Granska Tagger, an efficient Hidden Markov Model part-of-speech tagger for Swedish has its own page.
Others: [Brill] [HTK] [NLTK] [SRILM] [svannotate] [TnT] [UUParser]
Brill
Eric Brill has written a
tagger that doesn’t seem to have a more specific name than Rule Based Tagger
.
See what it says about copyright in
/local/ling/brill/RBT/COPYRIGHT
.
It assumes that you have a special directory as current when you use it,
so you can do like this:
- cd /local/ling/brill/RBT/Bin_and_Data
- ./tagger parameters
The parameters are LEXICON YOUR-CORPUS BIGRAMS LEXICALRULEFILE CONTEXTUALRULEFILE.
So it’s convenient to give parameters that are files in that
directory, for example LEXICON.BROWN
as lexicon, but for
other files, like your own, for example the corpus, you then need to
give a full path.
There is more information in the folder
/local/ling/brill/RBT/Docs/
.
HTK
HTK (Hidden Markov Model
Toolkit) is used primarily for speech recognition.

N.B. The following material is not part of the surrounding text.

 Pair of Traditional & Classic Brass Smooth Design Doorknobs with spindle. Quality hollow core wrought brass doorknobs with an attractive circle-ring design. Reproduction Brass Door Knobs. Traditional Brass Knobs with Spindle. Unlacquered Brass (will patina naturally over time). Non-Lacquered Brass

There is documentation locally in the folder
/local/share/doc/htk/
.
The programs that are part of this package are
LSubset, LMerge, LNewMap,
LNorm, LPlex, LGList, LGPrep, LLink, LBuild, LFoF, LGCopy, HLMCopy,
LAdapt, Cluster, HSmooth, HVite, HResults, HSGen, HParse, HQuant,
HRest, HLRescore, HLStats, HMMIRest, HInit, HLEd, HList, HDMan,
HERest, HHEd, HBuild, HCompV, HCopy, HSLab
.
NLTK
NLTK (Natural Language Toolkit) is a series of modules and corpora for research and education in NLP in Python. See more on the Python page.
SRILM
The SRI
Language Modeling Toolkit has several programs.

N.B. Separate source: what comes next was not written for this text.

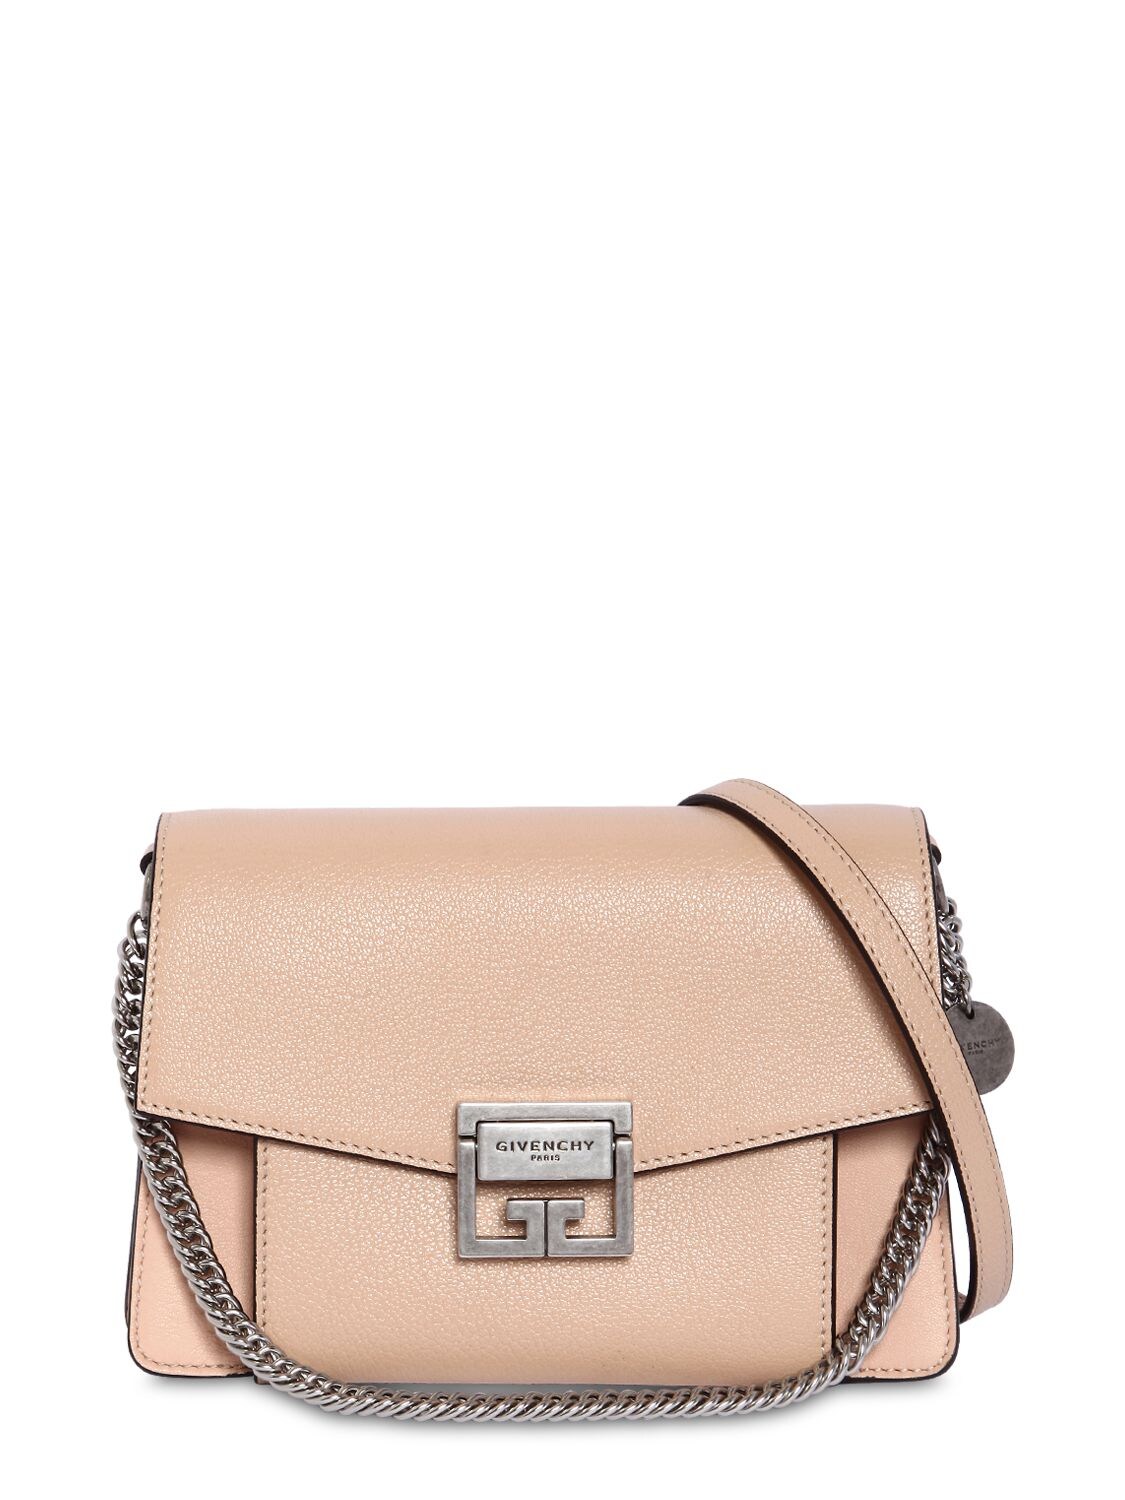 GIVENCHY SMALL GV3 GRAINED LEATHER SHOULDER BAG,68IA5P003-Mjcy0

They are in /local/ling/srilm/bin
and are documented
with man pages.
There are also some special man pages that are for more
than one program, see for example
man training-scripts
.
svannotate
Tokenizes, segments, tags and parses text files in Swedish.
Run svannotate --help
to get some help.
Read /local/ling/svannotate/README
for more.
In the same folder are suc.hun
and talbanken-default+splitmorph2.mco
that the program
uses unless you tells it something else.
Trigrams’n’Tags (TnT)
TnT
is presented as a very efficient statistical part-of-speech
tagger that is trainable on different languages and virtually any
tagset
.
We have a license (for the whole department) for non-commercial
use. There are four programs tnt, tnt-diff, tnt-para
and tnt-wc
.
See the folder /local/ling/tnt
with subfolders for
documentation and license.
UUParser
UUParser: A transition-based dependency parser for Universal Dependencies is made at the department. An example:
uuparser --out /tmp/out --datadir /corpora/ud/ud-treebanks-v2.5/ --include "mr_ufal"